A SIMPLE HYBRID FILTER PRUNING FOR EFFICIENT EDGE INFERENCE
Shabbeer Basha Shaik Hussain, Sheethal N Gowda, Jayachandra Dakala
-
SPS
IEEE Members: $11.00
Non-members: $15.00Length: 00:16:38
Convolutional Neural Networks have been extensively used for solving many computer vision problems. However, due to high memory and compute requirements, deployment of these models on edge devices is limited. Many embedded friendly models such as MobileNet, ShuffleNet, SqueezeNet, and many more are proposed to serve this purpose. But these models are still not compact enough to deploy on edge devices. The popular metric based pruning methods (which are aimed at pruning insignificant and redundant filters) could achieve limited compression for embedded friendly models such as MobileNet. In this paper, we propose a novel hybrid filter pruning method that prunes both redundant and insignificant filters at the same time.
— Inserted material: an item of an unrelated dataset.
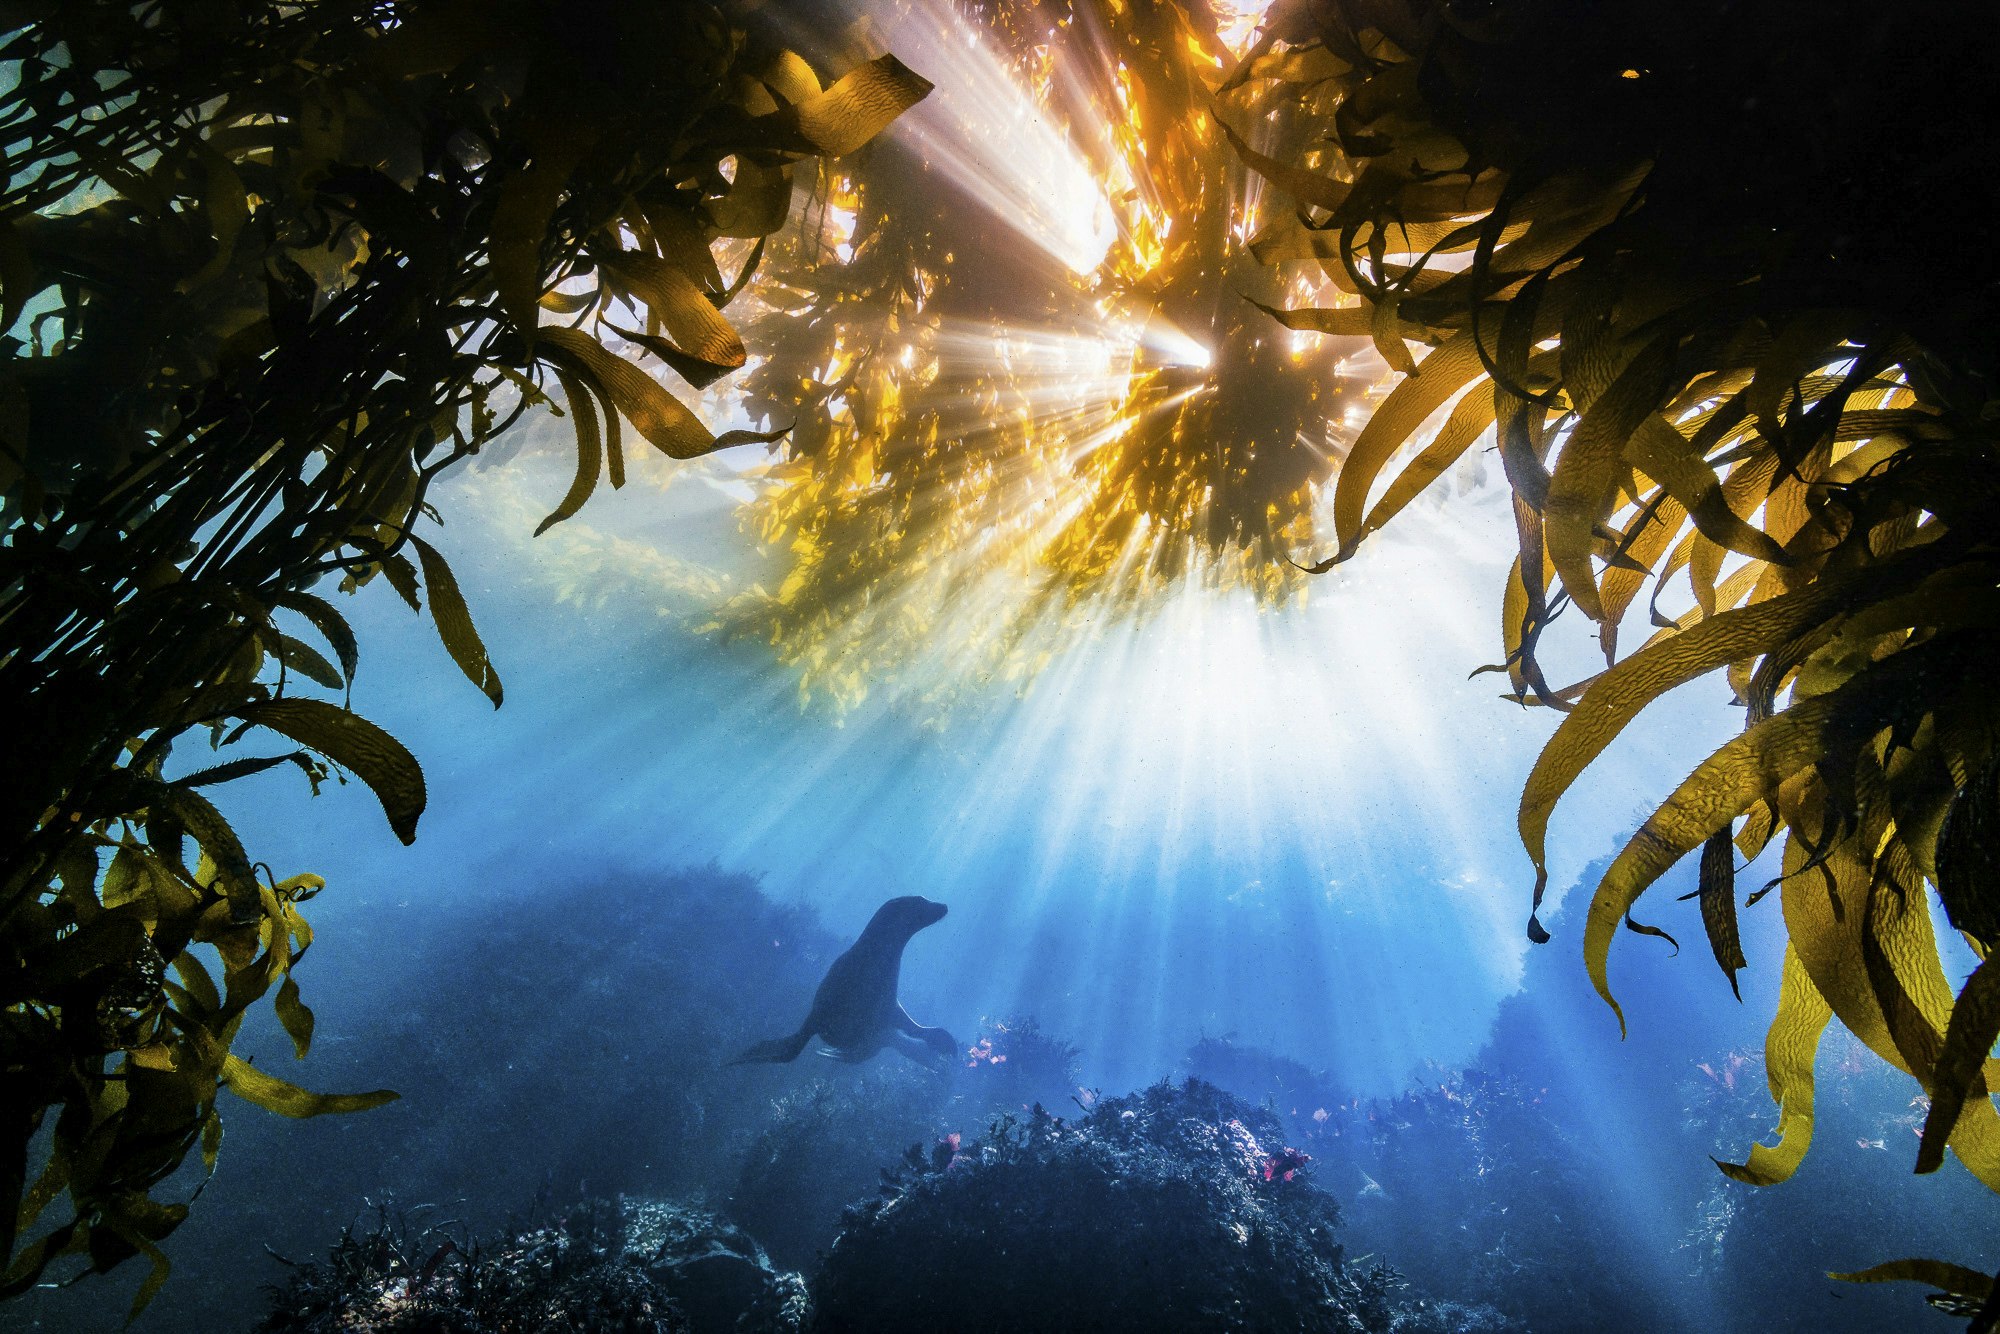 A shot of a sea lion underwater, its silhouette framed by the sunlight

Additionally, we have designed custom regularizers that enable us to prune additional filters from convolution layers. Pruning experiments are conducted on MobileNetv1 based Single-Shot Object Detector (SSD) for face detection problem. Through our experiments, we could prune 40.11% of parameters and reduce 67.03% of FLOPs from MobileNetv1 with a little drop in model performance (1.67 mAP on MS COCO). On an ARM based edge device, the inference time is reduced from 198ms to 84ms.